Hatsue found that she was married to a war veteran and this was the crucial fact of her marriage; the war had elicited in him a persistent guilt that lay over his soul like a shadow. For her this meant loving him in a manner she hadn’t anticipate before he’d left for the war. There was nothing of charity in it and she did not step lightly around his heart or indulge his sorrow or his whims. Instead she brought herself to his sorrows completely, not to console him but to give him time to become himself again. Without regrets she honored the obligation she felt to him and was happy to efface herself […] she took when she could a piece of his sorrow and stored it for him in her own heart.

p316

It is not only Kabuo who returned changed; Ishmael similarly is unable to feel as he once did, regarding everything with a new coolness and detachment, going through the motions of life, without actually living or wanting to live. Carl Heine too, who is also a war veteran, carries his own darkness and his own silence.

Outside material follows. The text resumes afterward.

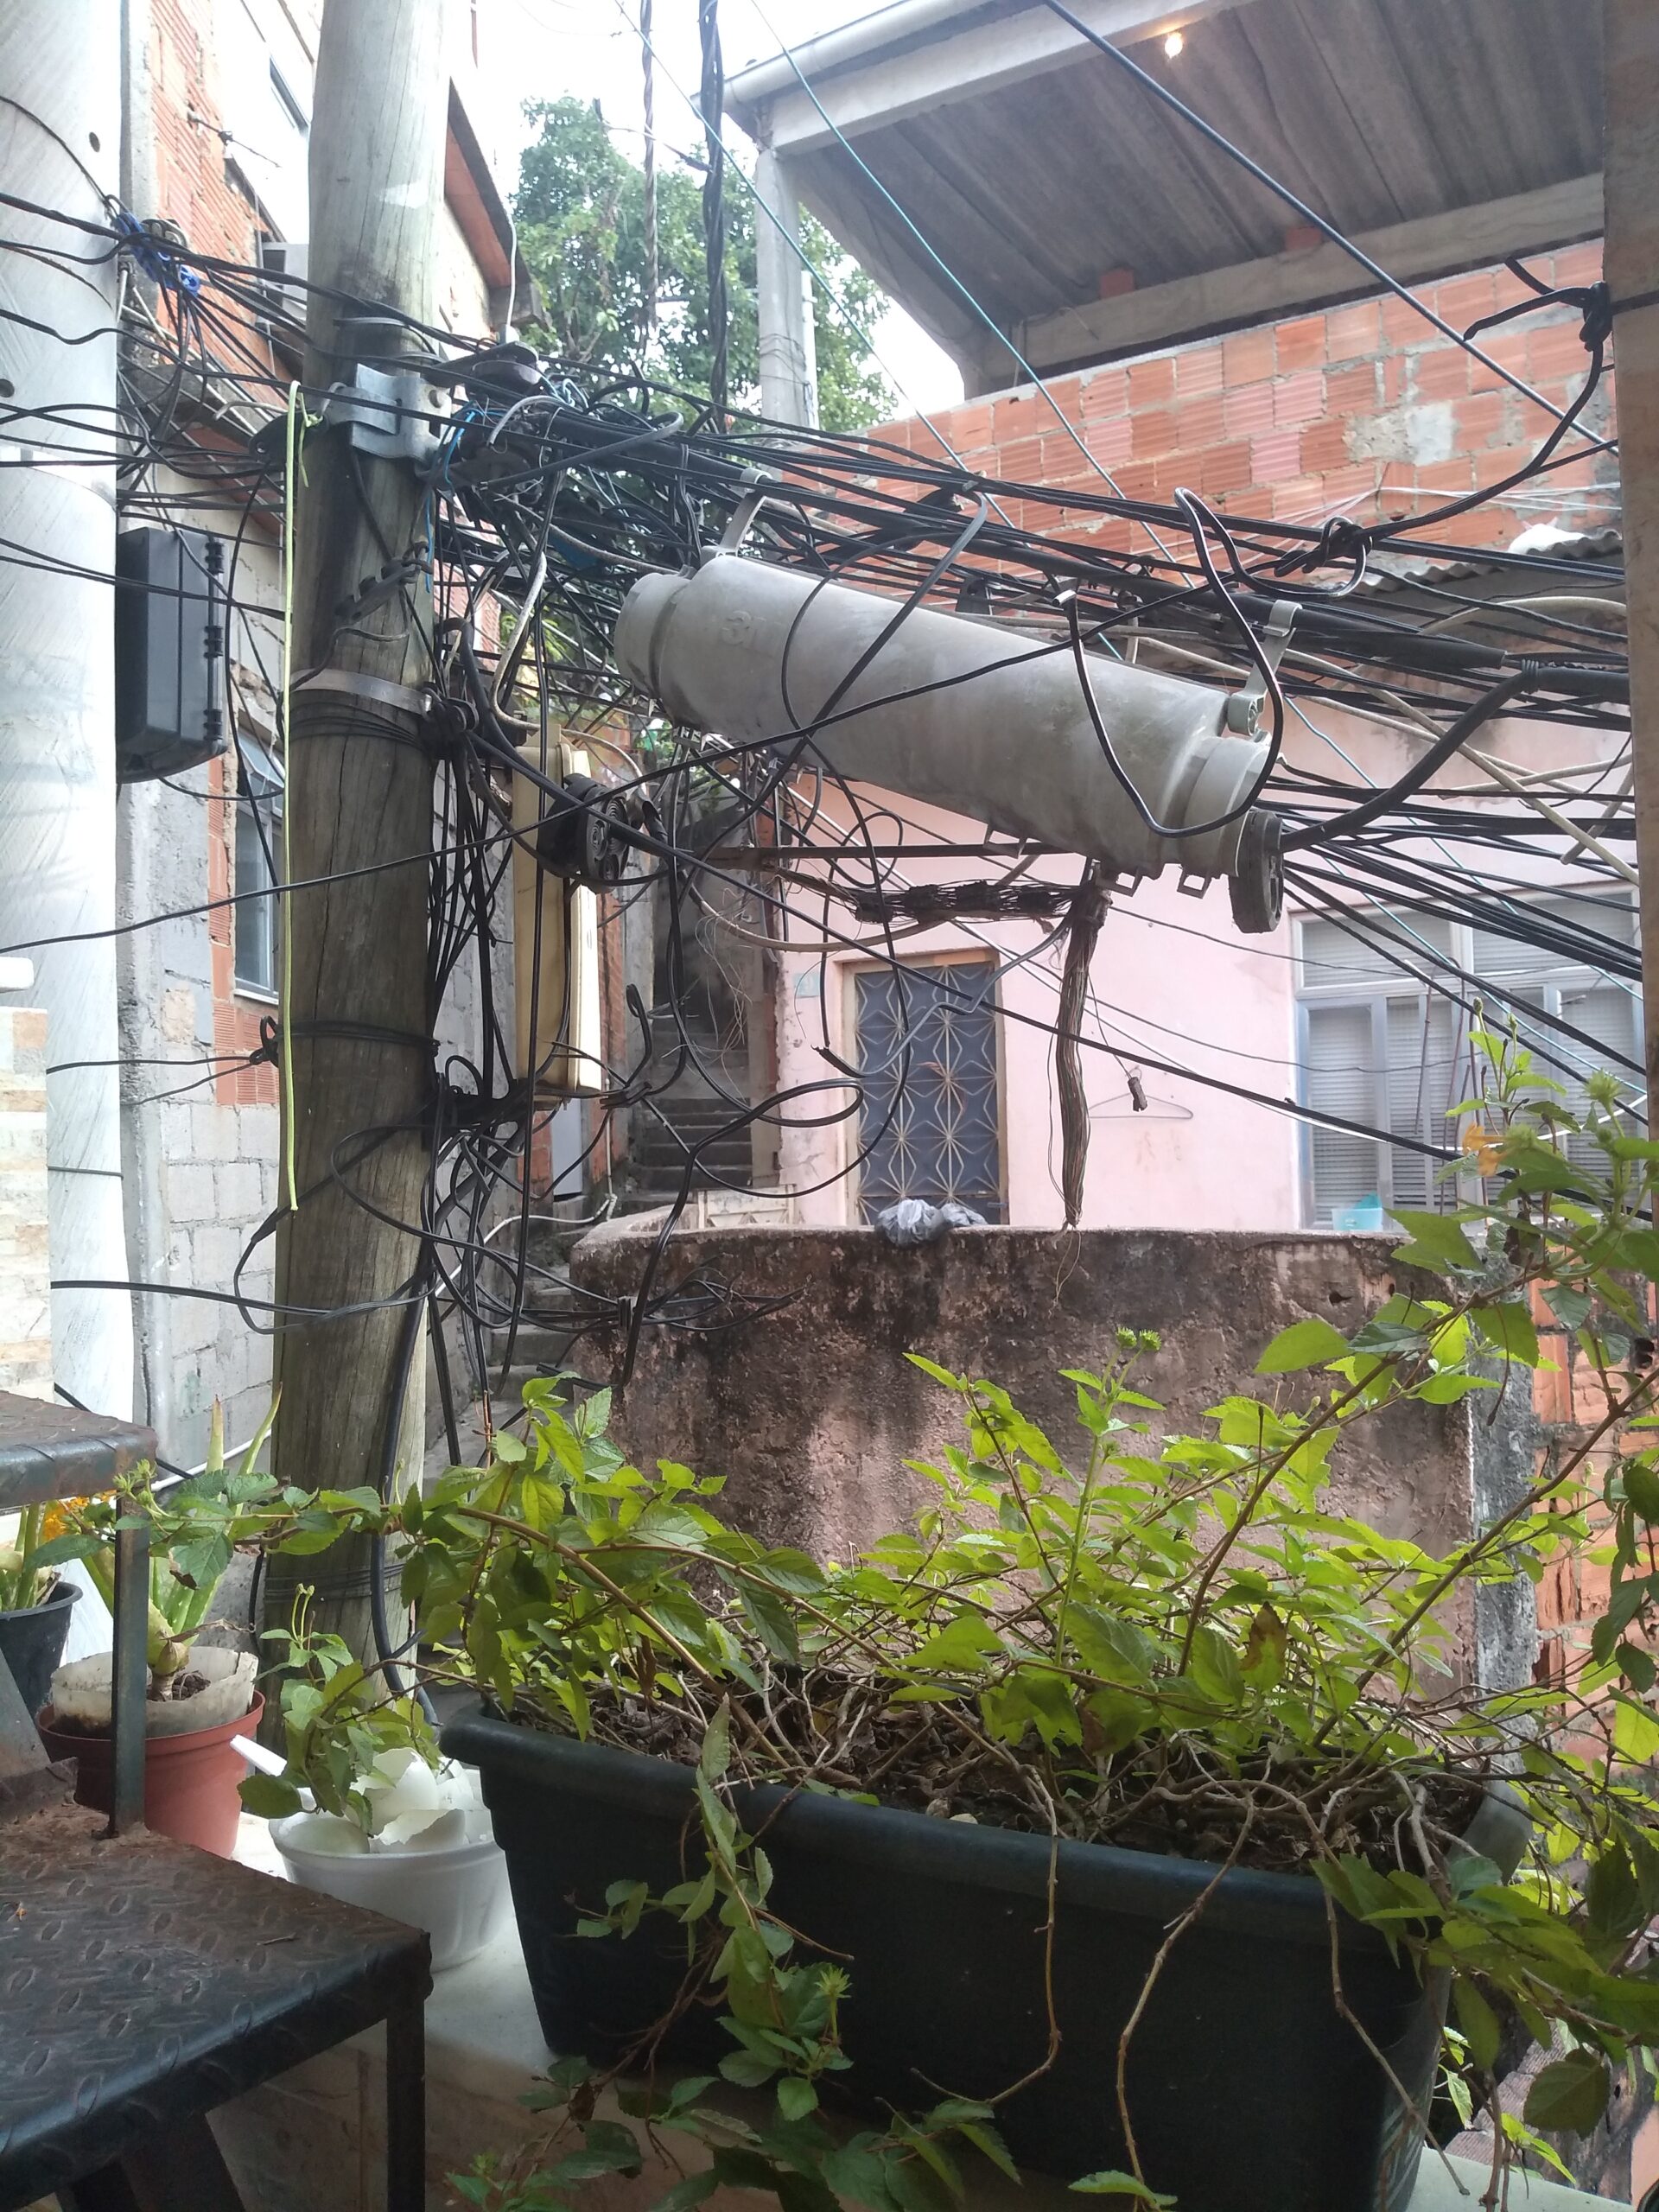 Emaranhado de fios em um tronco de árvore usado como poste bem próximo à casa de moradores, no Morro do Sereno, representa risco de incêndios e choques. Foto por Karina Figueiredo

Susan Marie knew within three months of marrying Carl that she’d made an excellent choice. In his silent grave veteran’s way he was dependable and gentle. […] Carl had told her more than once – he’d repeated it just the other day – how since the war he couldn’t speak. Even his old friend were included in this, so that now Carl was a lonely man who understood land and work,  boat and sea, his own hands, better than his mouth and heart. […] He was a man who needed plenty of space, a vast terrain in which to operate. […] Carl needed room, far more room than his boat could offer, and anyway in order to put the war behind him – the Canton going down, men drowning while he watched – he would have to leave his boat for good and grow strawberries like his father. She knew this was the only way for her husband to grow sound; it was what made her willing, ultimately, to follow hm out to Island Centre.

p259-261

The wonderful unfolding of Carl and Susan Marie’s relationship draws the reader in powerfully, making one wish ardently Carl can go out to his strawberry fields, and heal, and live a full happy life with his beautiful, sensual wife and three children, and work hard and come home to them each day, forever. However, because Kabuo’s story and character are no less compelling, the reader is not then visited with the wish that he or anyone else be punished for Carl’s life being cut short untimely. It is not a writing which stirs up feelings of vengefulness or vindictiveness; it is, for all its grand scope and sweep, a gentle writing, which induces regret and sorrow while simultaneously thrilling to the beautiful and majesty of the same damaged humans and their lives.

It is the quality of writing which makes this novel. It is luminous and lyrical, spinning out the story at a pace of its own setting, as measured and balanced and self-disciplined as the key characters are in this novel. They feel passionately and yet delicately, they are intense but understated, their feelings run deep and yet quiet, and they are stoical and enduring. There are no villains here; it is a novel that is tragic because each character is remarkable, and yet each has to hurt others and be hurt. It is a world Guterson creates where its characters understand the seemingly now old-fashioned concept of honor, and try to live by its creed, and how that concept surprisingly holds remarkably consistent even when crossing cultures.